En préalable, M. Didier Migaud a souhaité émettre une protestation solennelle au sujet de la place laissée à la Commission des finances dans l'organisation des travaux de l'Assemblée nationale : la date d'examen du projet de loi de finances rectificative n'est pas connue avec certitude mais ne débutera pas, au mieux, avant jeudi soir, et tout porte à croire qu'elle sera plus tardive, reléguant le débat au vendredi, ce qui dénote un manque total de respect pour les travaux de la Commission. Son Président et son Rapporteur général doivent par conséquent intervenir sans délai pour que la Conférence des présidents modifie l'ordre du jour, cette préoccupation réunissant toutes les tendances politiques. Il suffit de faire valoir son point de vue avec la fermeté nécessaire auprès du secrétariat d'État aux relations avec le Parlement pour être entendu. Il n'est pas admissible de voir de telles conditions de débat, qui se reproduiront pour l'examen de ce même texte, après la réunion de la commission mixte paritaire.

M. François Scellier, Président, a indiqué que le calendrier prévisionnel des travaux du Sénat et de l'éventuelle commission mixte paritaire ne laissait guère d'autre choix que de fixer la date de passage en séance publique au jeudi 19 décembre.

S'agissant de la première lecture, il a indiqué qu'il donnait bien volontiers acte de ses propos à M. Didier Migaud.

M. Augustin Bonrepaux s'est fait l'écho du rappel au règlement que venait d'effectuer dans l'hémicycle le président du groupe socialiste, en s'étonnant de l'absence systématique de priorité donnée, dans le calendrier, aux textes que la Commission des finances examine au fond ou pour avis. Il a réitéré la demande de M. Didier Migaud tendant à obtenir un report de la discussion du projet de loi de finances rectificative pour éviter qu'elle se déroule en fin de semaine, le Sénat pouvant se contenter de délais d'examen plus brefs.
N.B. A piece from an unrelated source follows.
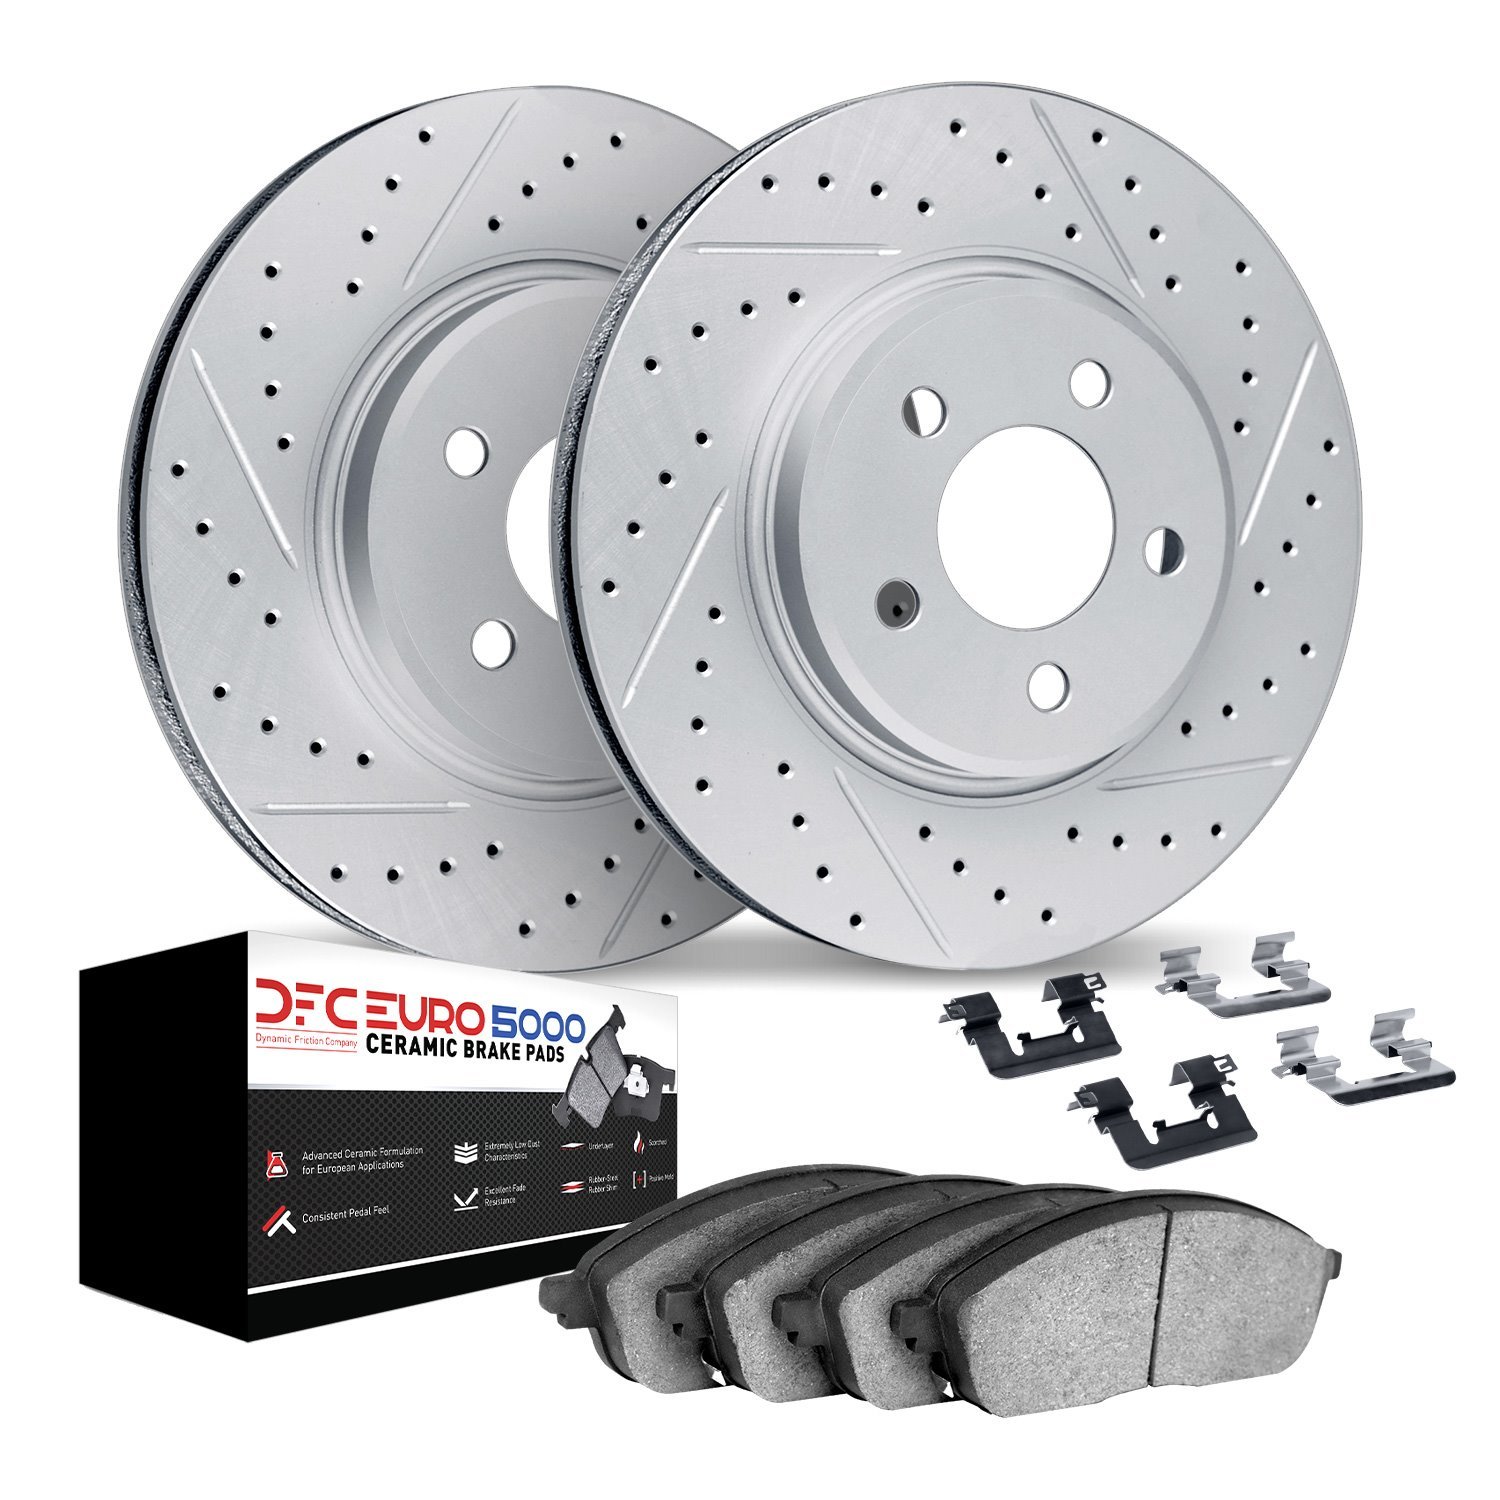 2612-39003 Geoperformance Drilled/Slotted Rotors w/5000 Euro Ceramic Brake Pads Kit & Hardware, Fits Select Mopar, Position: Fro

Il s'agit non seulement d'éviter une relégation inadmissible des travaux parlementaires concernant la Commission, mais aussi d'une question de disponibilité, voire d'épuisement des députés.
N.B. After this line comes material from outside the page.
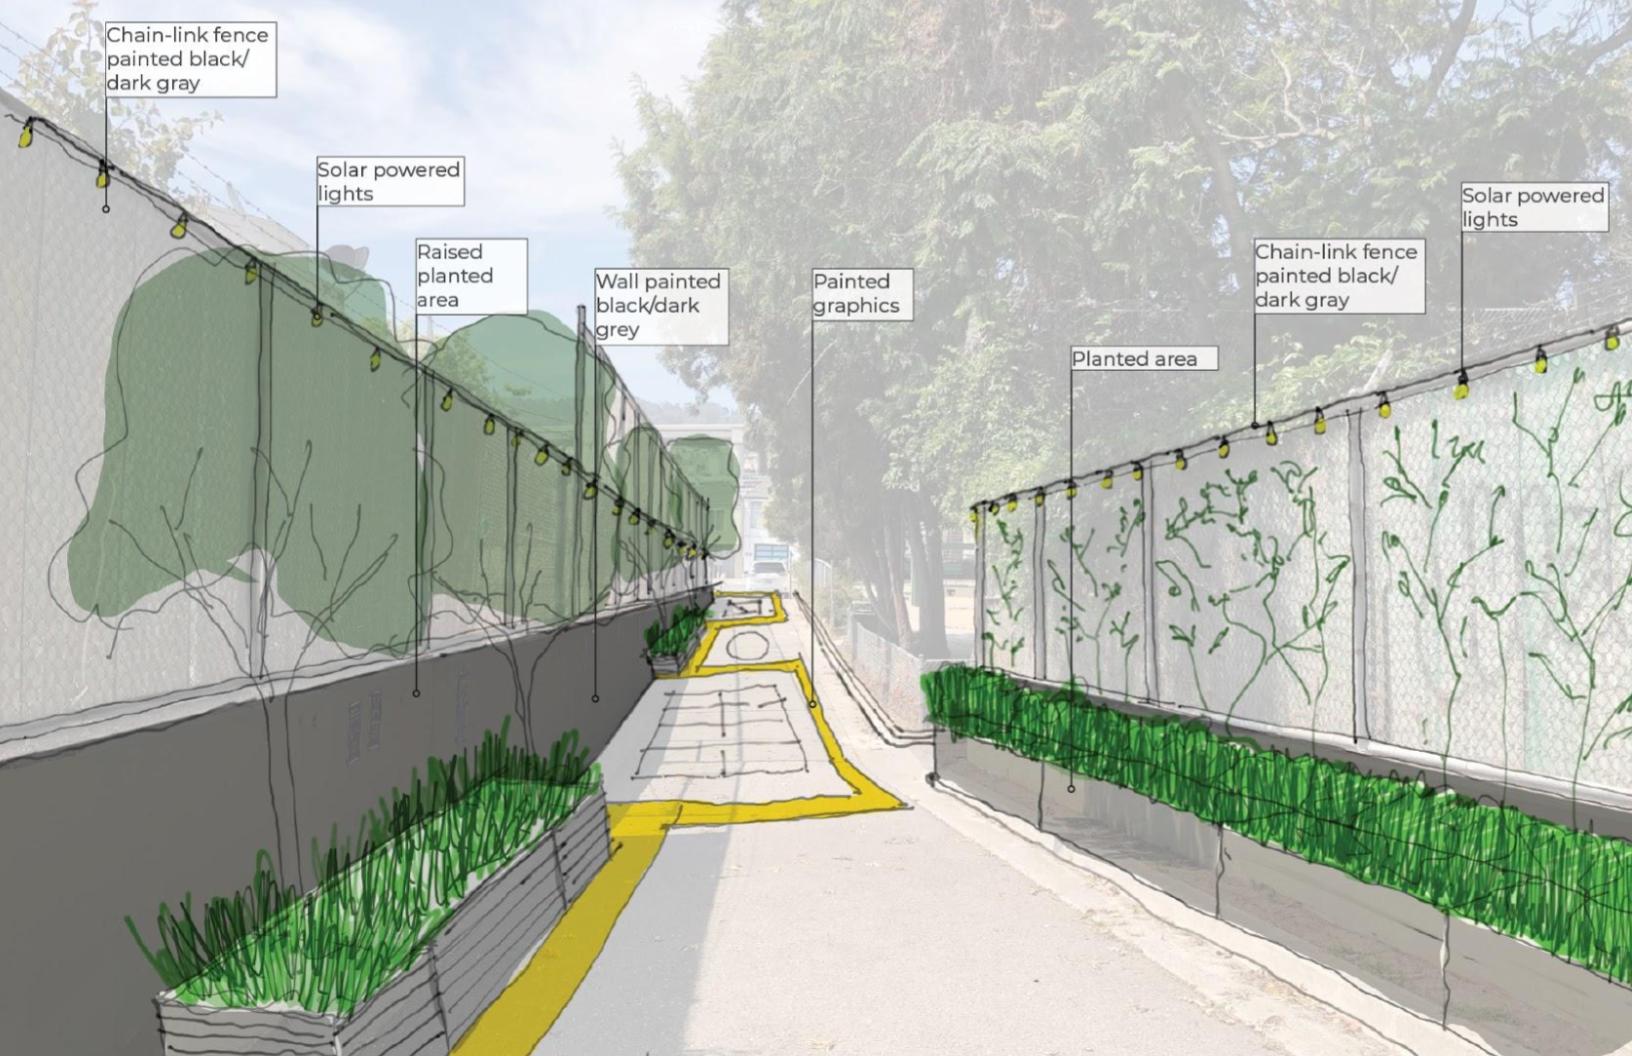 A drawing of an improved Ledyard Alley is layered over a photo of the current Ledyard Alley. The drawing includes plantings on both sides of the alley, painted graphics on the street, and new chain link fences with solar powered lighting.

M. François Scellier, Président, a pris acte de ces demandes, qui seront transmises au Président et au Rapporteur général.
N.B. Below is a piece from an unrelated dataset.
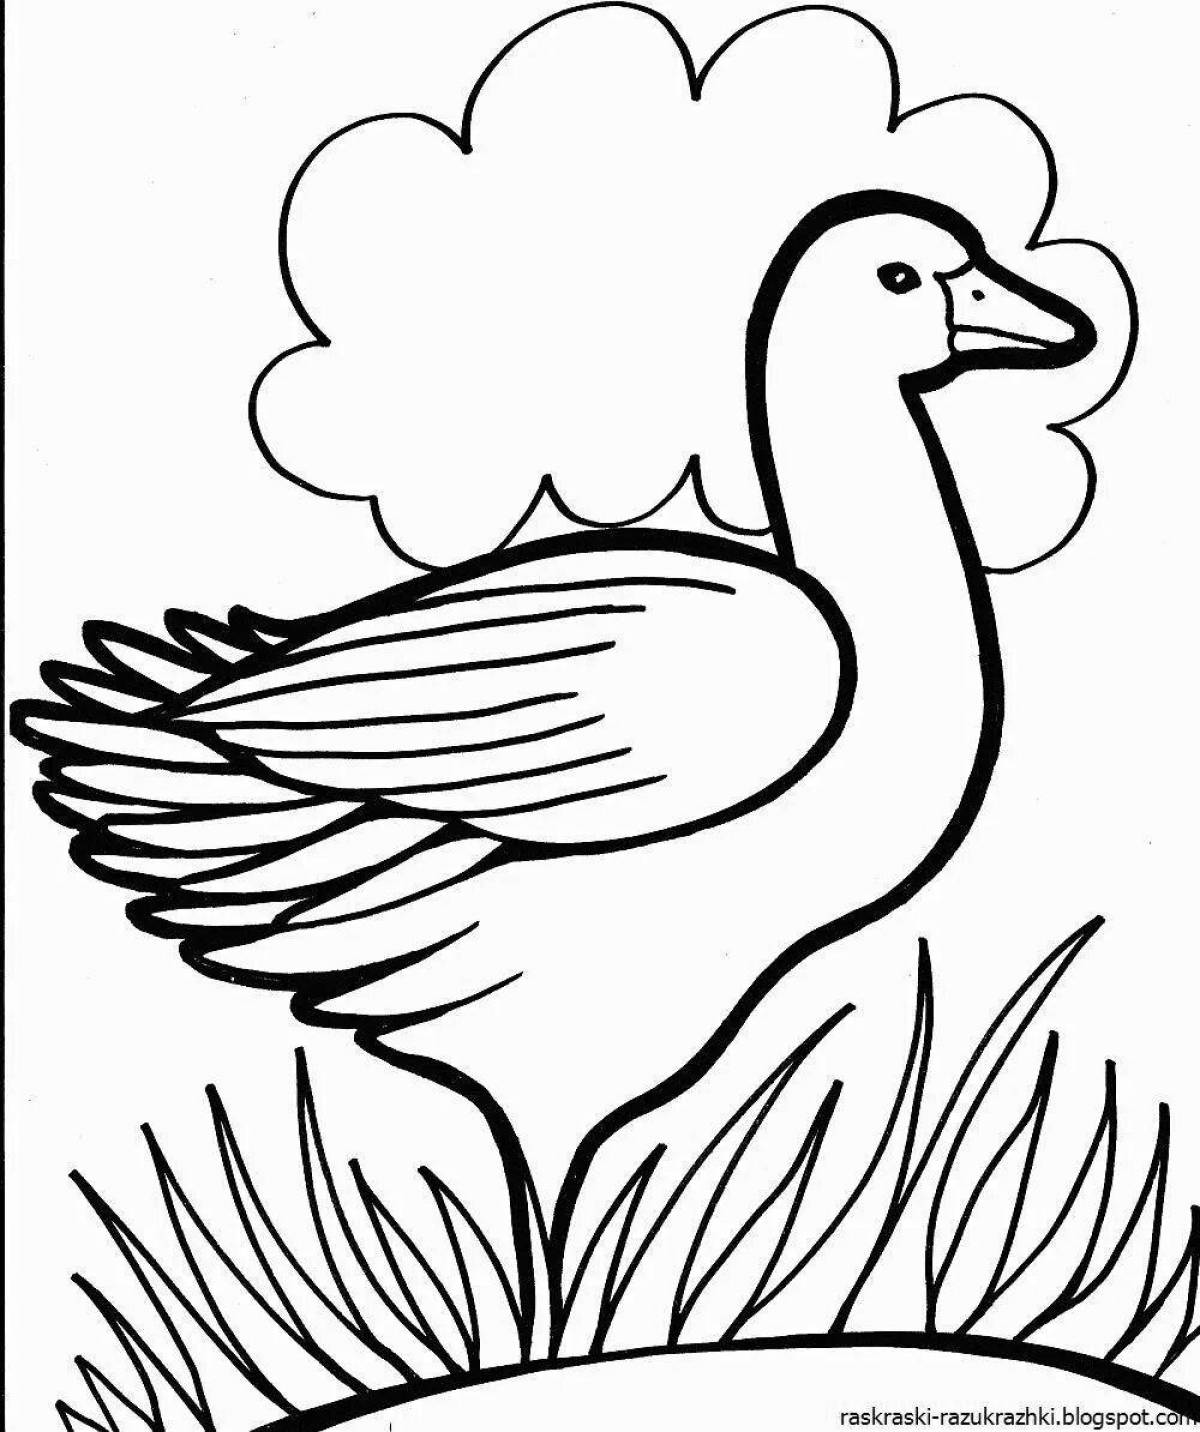 Fabulous coloring pages of migratory birds for kids

Puis la Commission a procédé à l'examen de la proposition de résolution de M. Noël Mamère.

M. François Goulard, Rapporteur, a rappelé les deux conditions posées par le Règlement de l'Assemblée nationale quant à la recevabilité d'une telle proposition de résolution. Celle qui ferait obstacle à la mise en discussion de la proposition, si le Garde des sceaux fait connaître que des poursuites judiciaires sont en cours sur les faits ayant motivé son dépôt, est remplie à ce jour, en l'absence de réponse positive de la Chancellerie. L'autre condition, qui prévoit que la proposition détermine avec précision les faits devant donner lieu à enquête, pose problème.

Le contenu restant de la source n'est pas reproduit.